This notebook shows how to create and query a table or DataFrame on Azure Blob Storage.

### Step 1: Set the data location and type

There are two ways in Databricks to read from Azure Blob Storage. You can either read data using [account keys](https://docs.databricks.com/spark/latest/data-sources/azure/azure-storage.html#azure-blob-storage) or read data using shared access signatures (SAS).

To get started, we need to set the location and type of the file. We can do this using [widgets](https://docs.databricks.com/user-guide/notebooks/widgets.html). Widgets allow us to parameterize the exectuion of this entire notebook. First we create them, then we can reference them throughout the notebook.

In [3]:
dbutils.widgets.text("storage_account_name", "sawstaging", "Storage Account Name")
dbutils.widgets.text("storage_account_access_key", "daU2wY2rntDb7EblyVoV5CMG1y2wRKDjrfWgneoS8z0Km1Uzc3Ykjcxi/kwwP6yeclCEsQzz+OfQDa4eWKdOhw==", "Storage Access Key / SAS")

In [4]:
dbutils.widgets.text("file_location", "wasbs://example/location", "Upload Location")
dbutils.widgets.dropdown("file_type", "csv", ["csv", 'parquet', 'json'])

In [5]:
spark.conf.set(
  "fs.azure.account.key."+dbutils.widgets.get("storage_account_name")+".blob.core.windows.net",
  dbutils.widgets.get("storage_account_access_key"))

### Step 2: Read the data

Now that we have specified our file metadata, we can create a DataFrame. Notice that we use an *option* to specify that we want to infer the schema from the file. We can also explicitly set this to a particular schema if we have one already.

First, let's create a DataFrame in Python.

In [7]:
df = spark.read.format(dbutils.widgets.get("file_type")).option("inferSchema", "true").load(dbutils.widgets.get("file_location"))

### Step 3: Query the data

Now that we have created our DataFrame, we can query it. For instance, you can identify particular columns to select and display within Databricks.

In [9]:
display(df.select("EXAMPLE_COLUMN"))

### Step 4: (Optional) Create a view or table

If you want to query this data as a table, you can simply register it as a *view* or a table.

In [11]:
df.createOrReplaceTempView("YOUR_TEMP_VIEW_NAME")

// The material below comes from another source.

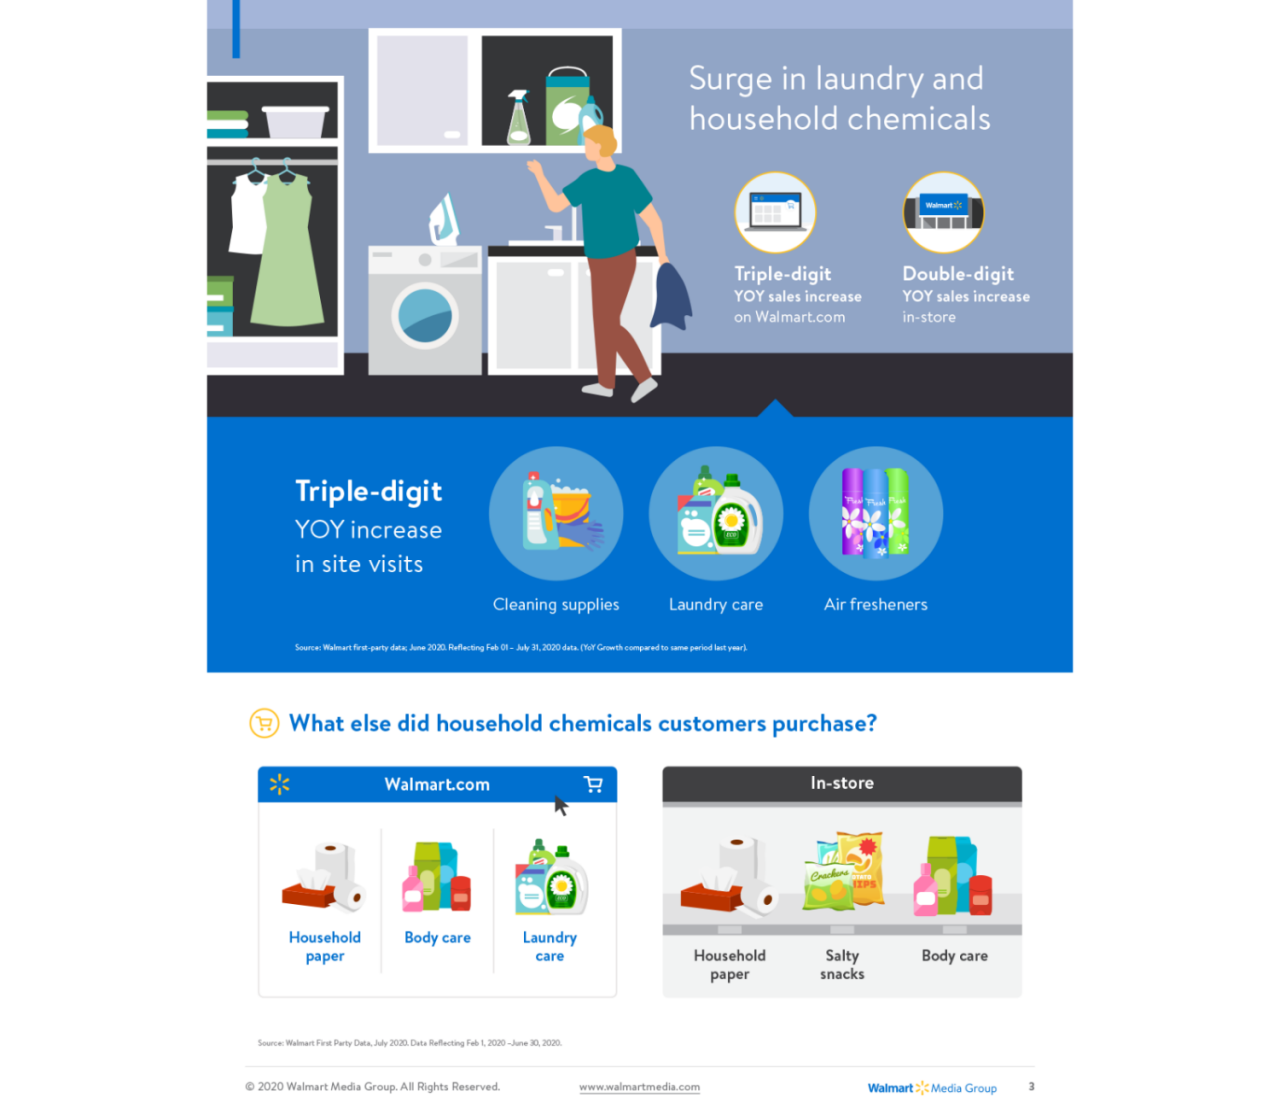 walmart-customer-insights-household-essentials-personal-care-3

We can query this view using Spark SQL. For instance, we can perform a simple aggregation. Notice how we can use `%sql` to query the view from SQL.

In [13]:
%sql

SELECT EXAMPLE_GROUP, SUM(EXAMPLE_AGG) FROM YOUR_TEMP_VIEW_NAME GROUP BY EXAMPLE_GROUP

Registered as a temp view, this data is only available to this particular notebook. If you want other users to be able to query this table, you can also create a table from the DataFrame.

In [15]:
df.write.format("parquet").saveAsTable("MY_PERMANENT_TABLE_NAME")

This table will persist across cluster restarts and allow various users across different notebooks to query this data.